Outre les sanctions ordinaires, des dispositions particulières relatives à l'aggravation des peines pour certains crimes et délits commis par les agents de l'Etat sont prévus dans le code, précise le rapport général adopté hier par les députés en présence du ministre chargé de la Justice. Mieux, le texte réprime les infractions relatives aux troubles à l'ordre public perpétrées par des ministres de cultes dans l'exercice de leur ministère. Il en est de même des contraventions contre l'état civil (mariage religieux sans mariage civil préalable), mais aussi des critiques, censures ou provocations dirigées contre l'autorité publique dans un discours pastoral prononcé publiquement, des provocations contre l'autorité publique dans un écrit pastoral, la résistance, la désobéissance et les autres manquements envers l'autorité publique.
Les outrages et violences envers les dépositaires de l'autorité et de la force publique, le refus d'un service dû légalement, l'évasion des prisonniers de guerre, les bris de scellés et l’enlèvement de pièces dans les dépôts publics, la dégradation de monuments, l'usurpation de titres ou de fonctions, l'usage irrégulier de titres, font également l'objet de peines diverses dans la loi.
Par ailleurs, le projet reprend et actualise les dispositions anciennes relatives aux associations de malfaiteurs ainsi qu'à l'outrage aux bonnes mœurs par voie de presse et de livre.
Des peines corsées
Aussi, le deuxième livre du projet de loi traite-t-il des crimes et délits contre les particuliers. Il distingue d'une part, les crimes et délits contre les personnes des crimes et délits contre les biens d'autre part. Les crimes de meurtre, d'assassinat, de parricide, d'infanticide, d'empoisonnement demeurent maintenus. La traite des personnes, les menaces, les blessures et coups volontaires, la torture sont classés également au titre des atteintes contre les personnes. Les attentats aux mœurs tels que l'outrage public et l'attentat à la pudeur, le harcèlement sexuel régi par une loi sur la protection des femmes, le viol et les infractions assimilées qui proviennent également de ce texte, le proxénétisme, l'incitation habituelle de mineur à la débauche ont été également mis en exergue.
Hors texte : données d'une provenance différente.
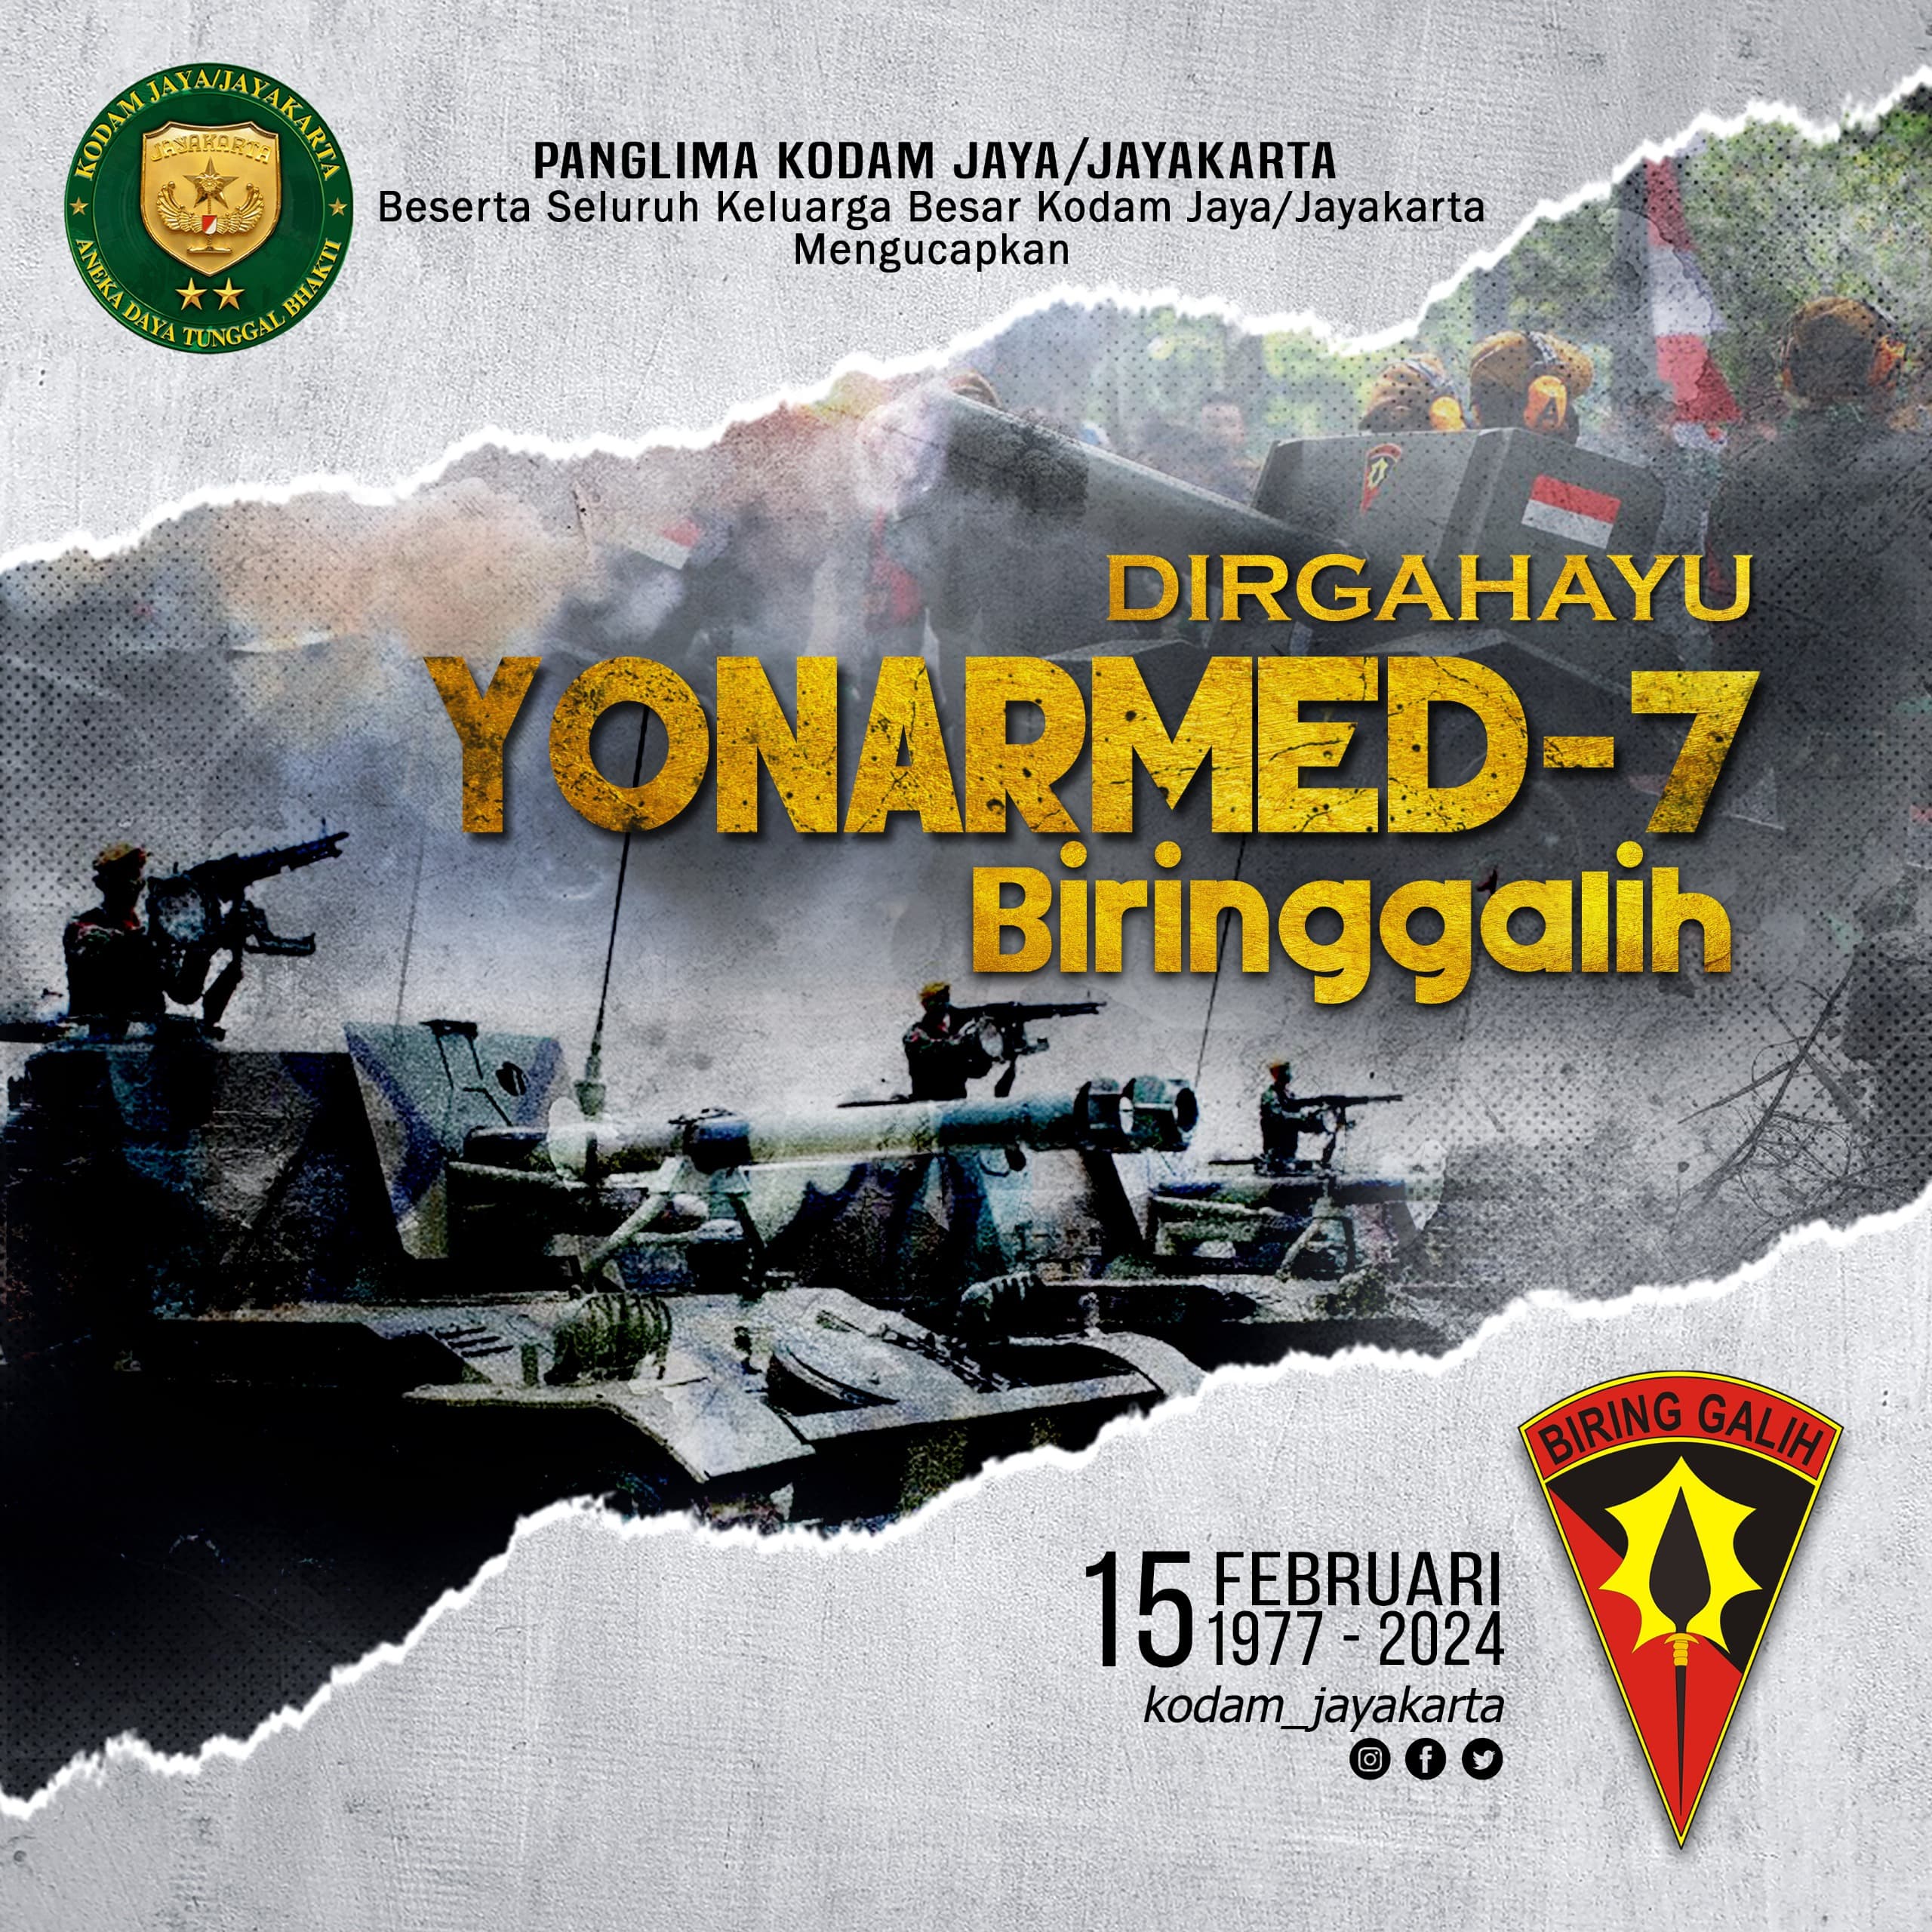 Dirgahayu Batalyon Armed 7/Biringgalih

Les crimes et délits envers l'enfant, l'abandon de la famille ou l'abandon de domicile conjugal n’ont pas été omis. Les calomnies, injures et révélations de secrets n'ont pas connu d'évolution particulière dans la loi ainsi que la violation de sépultures et autres atteintes au respect dû aux morts ainsi que les infractions liées aux inhumations.
Les crimes et délits contre les biens ont été largement pris en compte dans le projet. Il s'agit des vols et extorsions, de l'escroquerie, de l'abus de confiance, des infractions au contrôle des changes, des infractions cybernétiques et informatiques. La contrefaçon et toutes les autres infractions relatives aux discriminations et violations des lois relatives aux manufactures, au commerce et aux arts figurent en bonne place. Les délits des fournisseurs, les détournements de prêts consentis ou garantis par l'Etat, l'usure, la fraude dans les examens et concours publics, les infractions relatives aux sociétés commerciales et la banqueroute ne sont pas du reste et sont la consécration et la sanction, en droit interne, des infractions prévues par les actes uniformes de l'Ohada.
La réglementation pénale des mines et carrières, actuellement séparée, est également introduite dans le projet. Les atteintes à l'environnement et à l'hygiène, initialement dans le code de l'environnement et le code de l'hygiène, subissent le même sort en ce que les dispositions de protection contre ces atteintes sont de nature pénale.
Divers autres délits sont extraits de la législation ou de la réglementation pour être introduits directement dans le Code pénal. Il s'agit des délits relatifs à la pâture des animaux, de ceux relatifs au conditionnement des produits, à la fixation des prix, à l'assurance des navires, aux stupéfiants. C'est également le cas des infractions relatives au tabac dont les dispositions répressives proviennent de la loi spéciale relative à la matière.
S’agissant des contraventions de police, elles ont été logées au niveau du troisième et dernier livre du Code pénal. Il est prévu ici les peines telles que l'emprisonnement d'un jour à deux mois maximum, l'amende, la confiscation de certains objets saisis. Le Code en examen prend également en compte certaines contraventions telles que celles contre la sûreté et la tranquillité publique, celles contre l'hygiène et la santé publiques, celles de voirie et de circulation, celles qui causent des dommages aux personnes, aux animaux et à la propriété privée.
Th. C. N.

Les sélections U-17 de l’Atlantique et de l’Ouémé viennent de rejoindre leurs homologues du Borgou et de la Donga, du Mono et du Zou depuis, samedi 26 mai dernier, pour la phase nationale de détection des meilleurs talents. C’est à l’issue d’un tournoi organisé sur le terrain du Centre technique et d’excellence Issa Hayatou de Missérété.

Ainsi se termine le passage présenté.